Nuclear Fuel and Uranium Effect from the Russian Invasion of Ukraine

The start of the Russia/Ukraine war created extraordinary volatility in uranium markets during the first half of 2022. At the peak, the spot price was at an 11-year high. Prior to the invasion on February 24, 2022, uranium spot prices were in the $43 per pound range and rose to slightly over $63 per pound by April 2022, an increase of ~$20 per pound. Later in May 2022 and June 2022, the spot price receded to $45 levels, before recovering to the $50+/- per pound price level from September 2022 to March 2023. Following this range bound period, in 4Q2023 the spot uranium price rallied to an average $96 per pound price level in December 2023/January 2024.

Equity markets followed the price action of physical uranium prices in speculation that governments worldwide would sanction and ban nuclear fuel from Russia. This was in recognition of Russia’s dominant position in nuclear fuel services including 38% of world conversion capacity and 46% of world enrichment capacity. The market position of Rosatom, Russia’s national nuclear company, was developed through decades of government subsidies. However, because of the lack of replacement capacity in the global nuclear fuel cycle, Rosatom has avoided sanctions.

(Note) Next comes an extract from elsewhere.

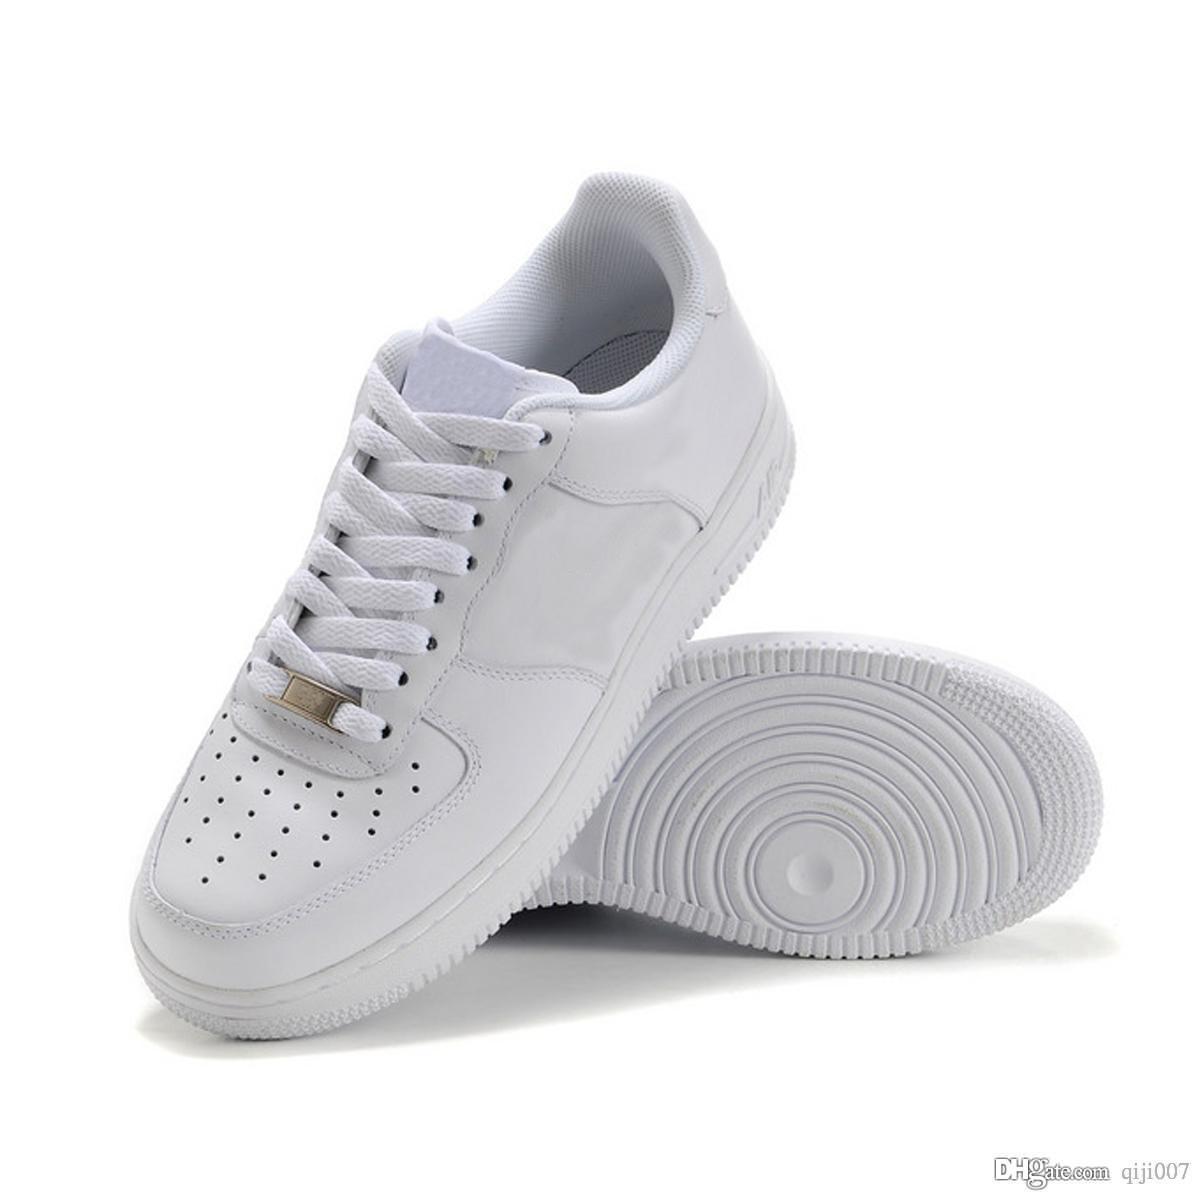 énorme réduction ac1af 3dbeb Nike air force one 1 Running shoes sneakers discount best-seller haute  qualité force hommes et femmes casual chaussures unisexe massage faible  pour ...

Because of the Ukraine invasion, new contracts are largely not being signed with Rosatom, but deliveries under existing contracts continue to be made. Customer dependencies upon the Russian supply of uranium, conversion and enrichment are being addressed slowly by governments as alternative suppliers are not currently available. However, a desire to stay away from bad actors and the threat of Russia weaponizing energy exports or a Russian embargo has elicited responses. Worldwide, utilities have accelerated their contracting of non-Russian conversion and enrichment services. New uranium supply agreements are being signed with western producers. In the United States, multiple new nuclear funding programs have already been put in place and the language from the Department of Energy has only gotten stronger. The Secretary of Energy recently declared: “The United States wants to be able to source its own fuel from ourselves and that’s why we are developing a uranium strategy.”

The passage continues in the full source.